[tor-relays] Running gigabit relay
Neel Chauhan
neel at neelc.org
Fri Jul 26 19:08:11 UTC 2019
About having a relay on gigabit symmetrical FTTH, you don't just need a
good server, you also need a good NAT router unless you want to use your
server as a NAT router as well.
I don't have Sonic or Gigabit Fiber (from any ISP), but I have 300mbps
symmetrical Verizon FiOS in Brooklyn, NY running a Tor middle relay.
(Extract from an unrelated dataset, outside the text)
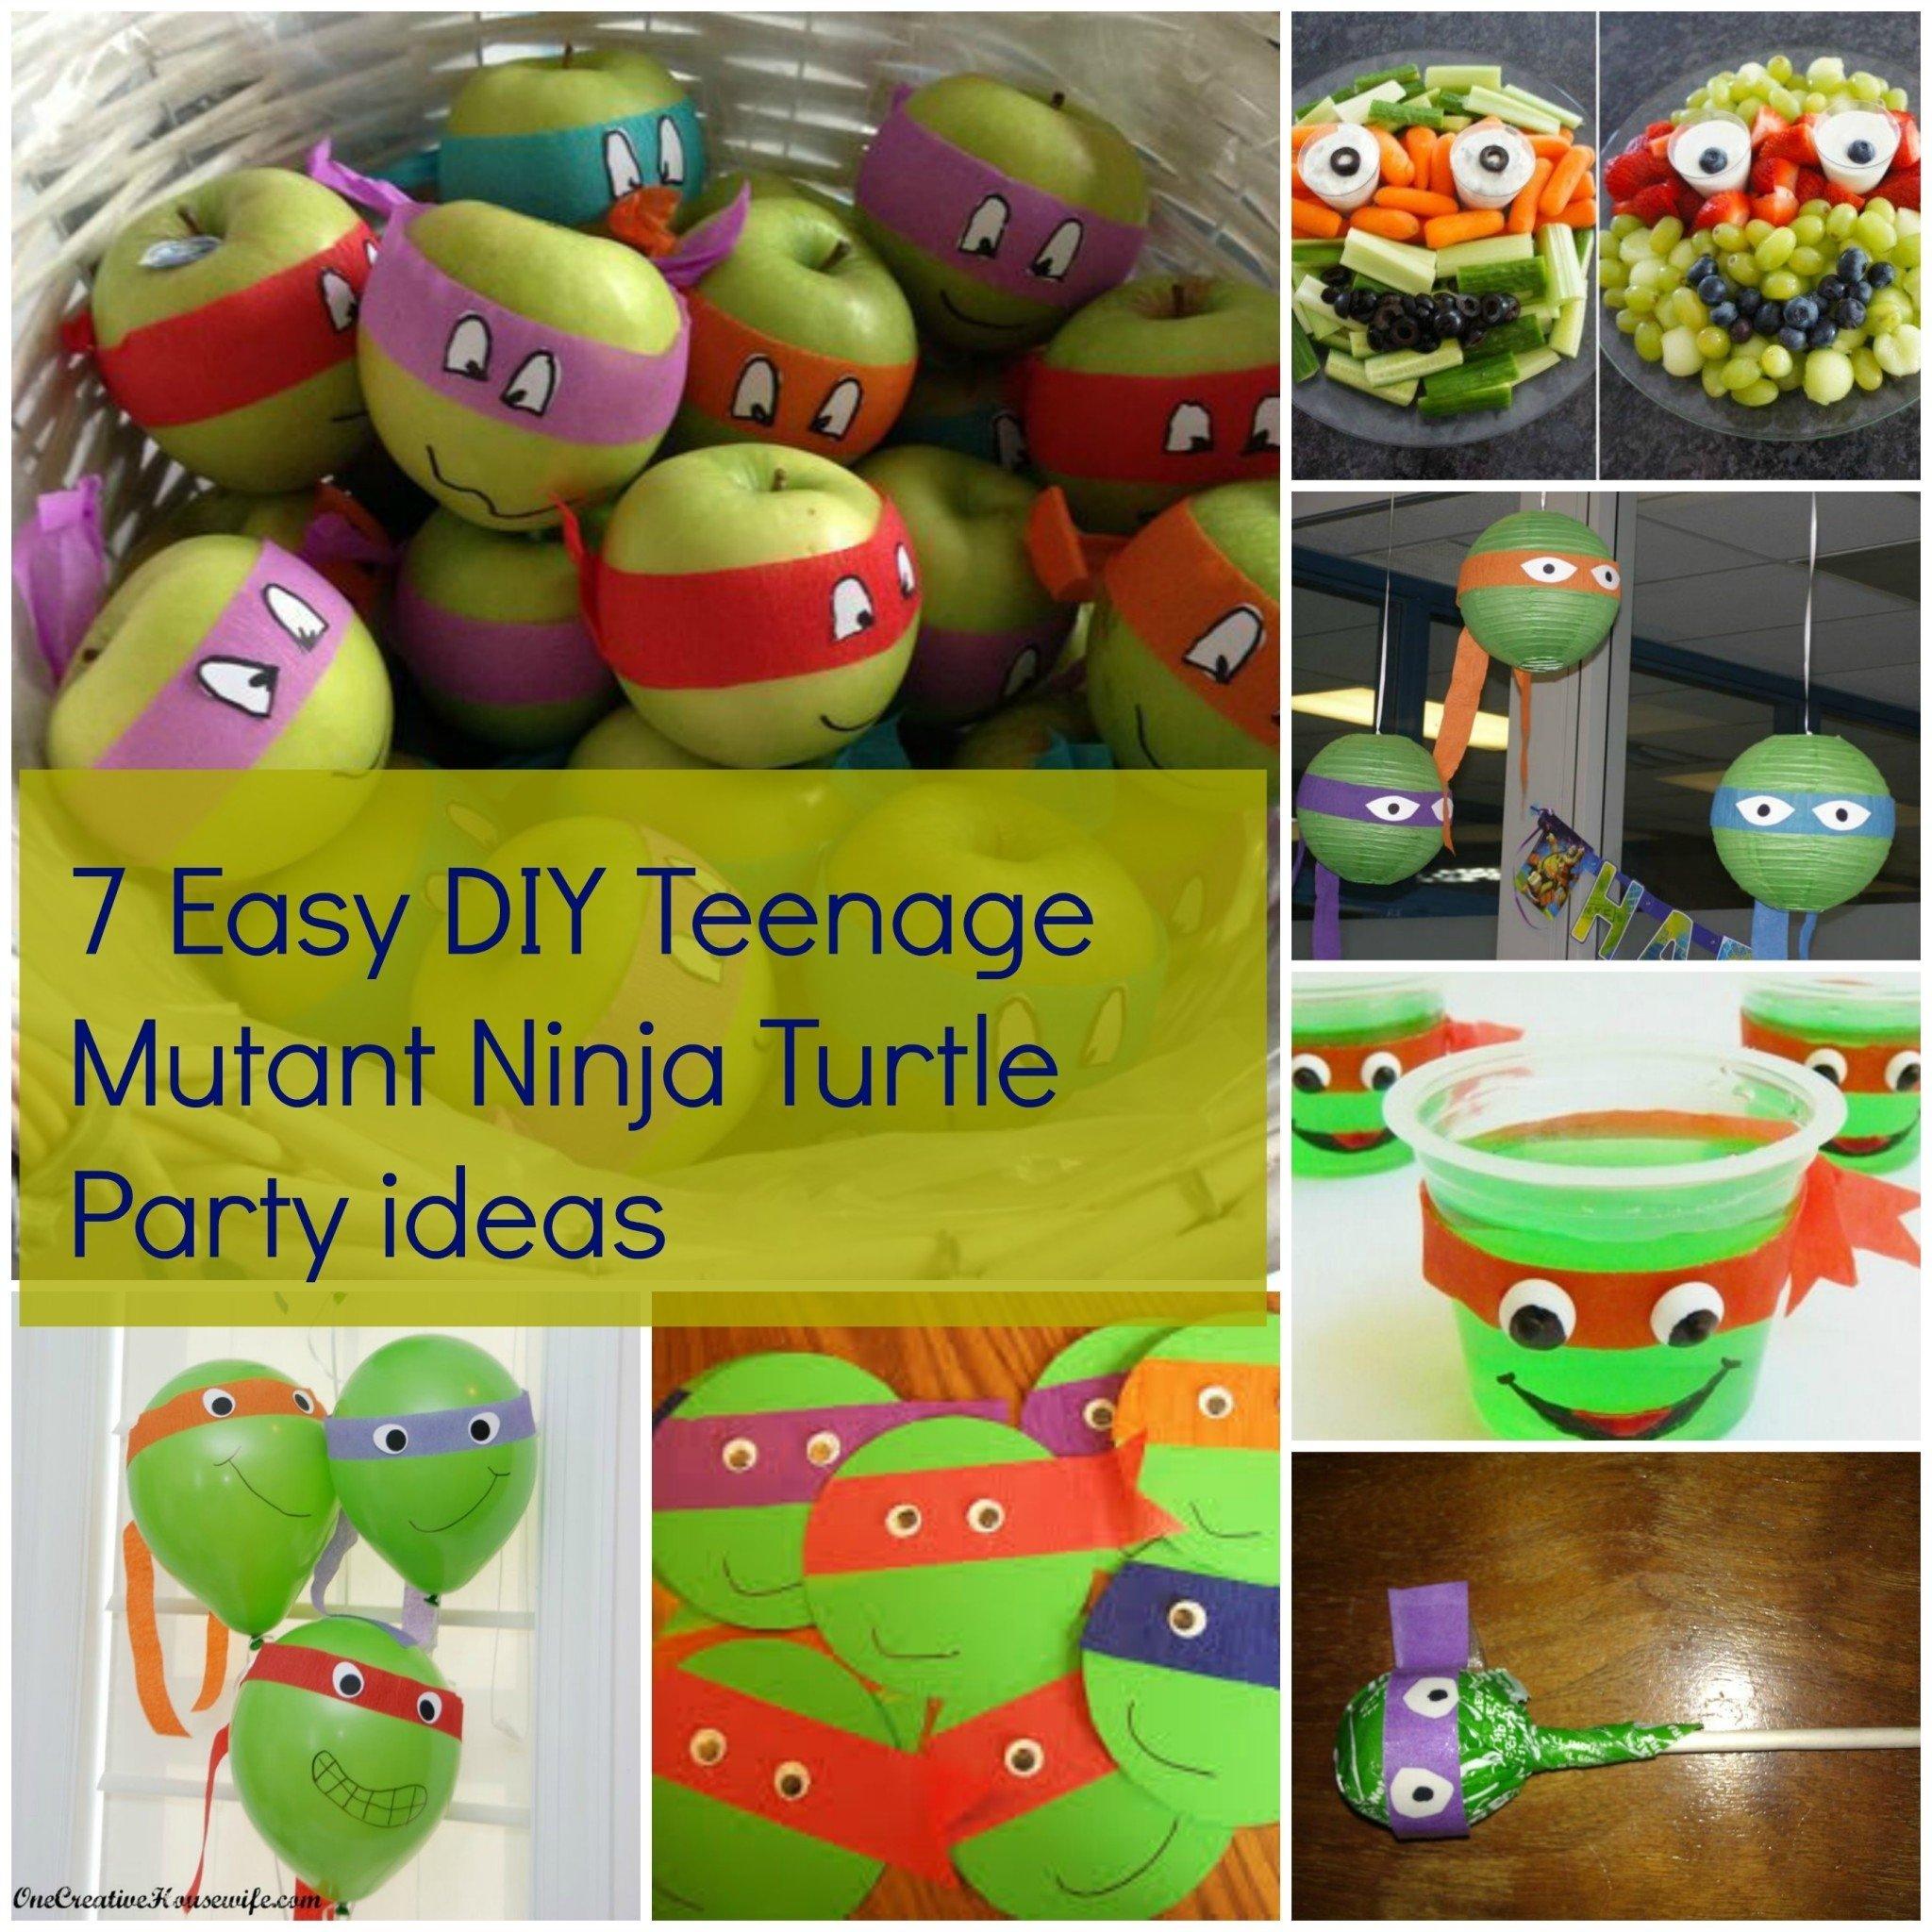 10 Wonderful Teenage Mutant Ninja Turtle Party Ideas 2019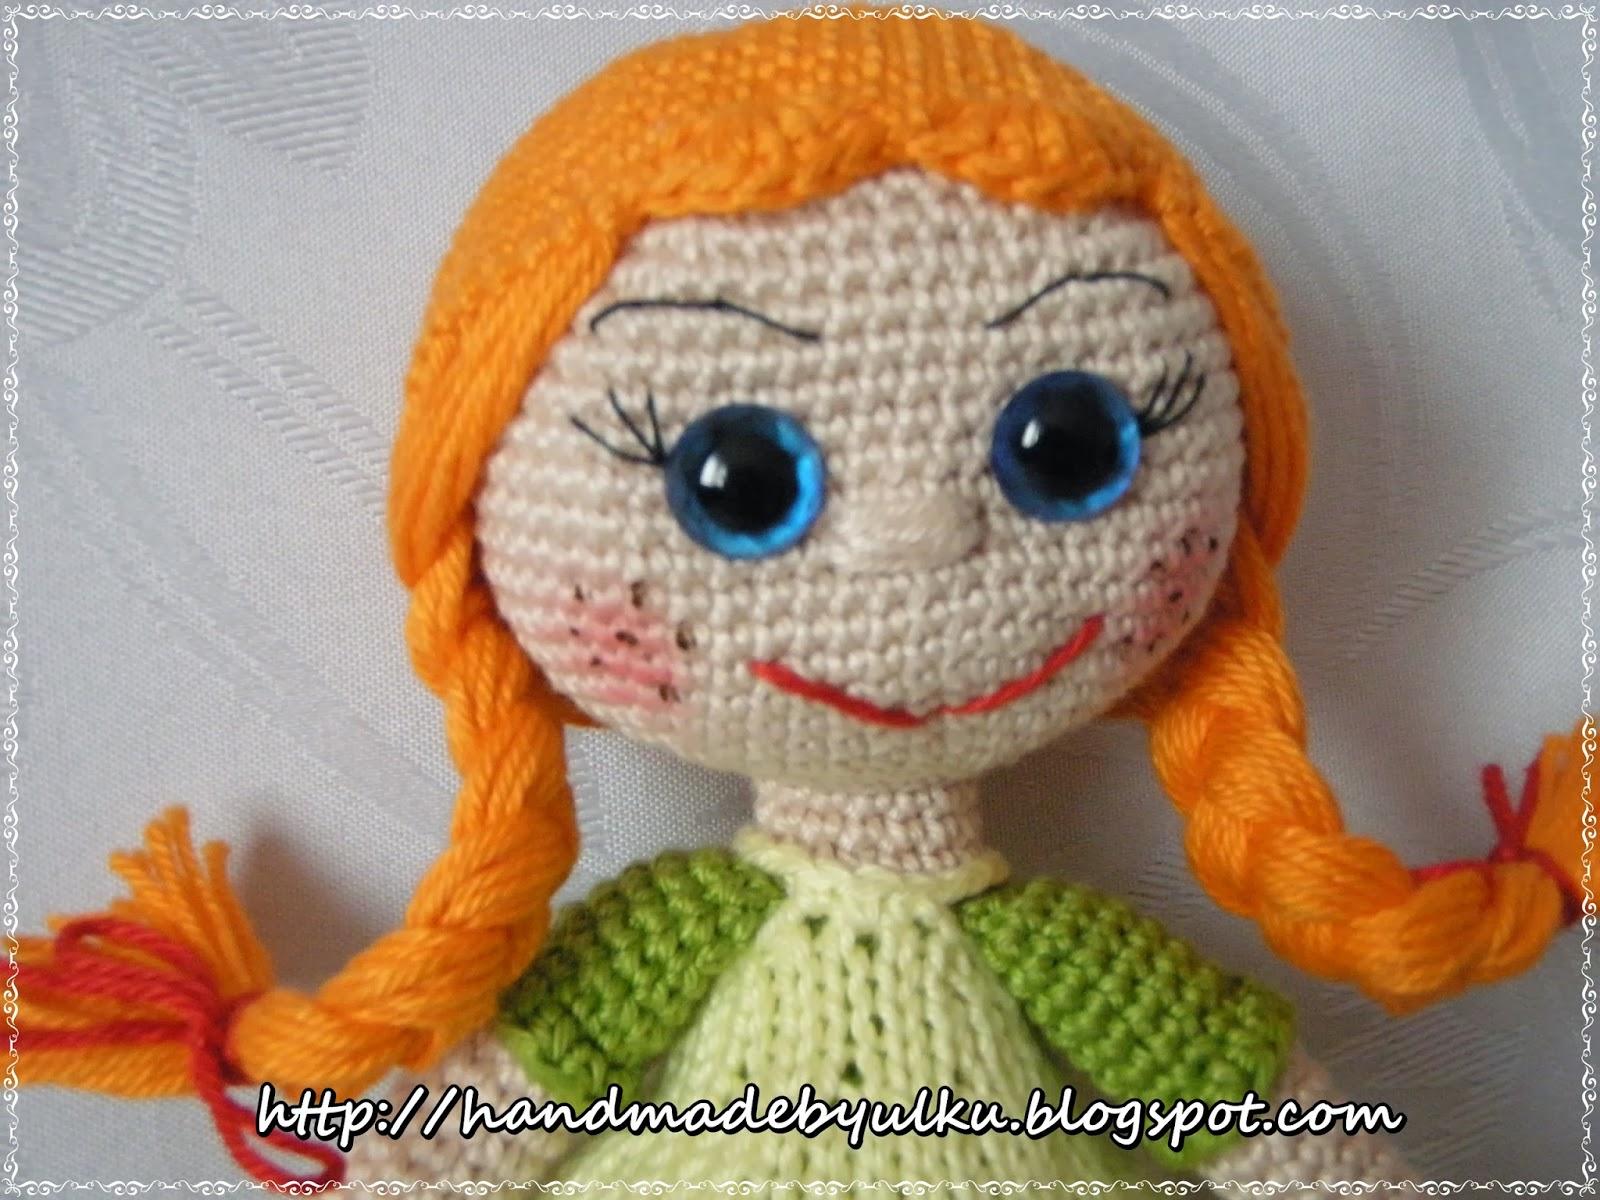 Handmade by Ülkü: Amigurumi Häkelanleitung Pippi / Pattern Pippi Doll

A
Linksys running OpenWrt and many low-power Mini PC "firewall" boxes were
a bottleneck even on 300 Mbps for Tor, despite having a powerful Xeon
4108 HPE ProLiant ML110 Gen10 and having no Verizon router in my setup.
I dabbled with using my ML110 as a PF firewall (I run FreeBSD), but
yesterday, I installed a HP ProDesk 400 G4 as an OPNsense firewall
(because I didn't want a single point of failure, and so I can remotely
access iLO).
So your firewall needs to be more powerful than an average one because
at least for me Tor has ~10000 connections at once, and that is with Tor
only measuring half my 300Mbps. Your Gigabit will mean far more than
that running Tor. So a low power HP T620 Plus or Qotom box won't work as
a firewall in this case.
My "bottleneck" could also be Verizon's peering that Sonic may not have.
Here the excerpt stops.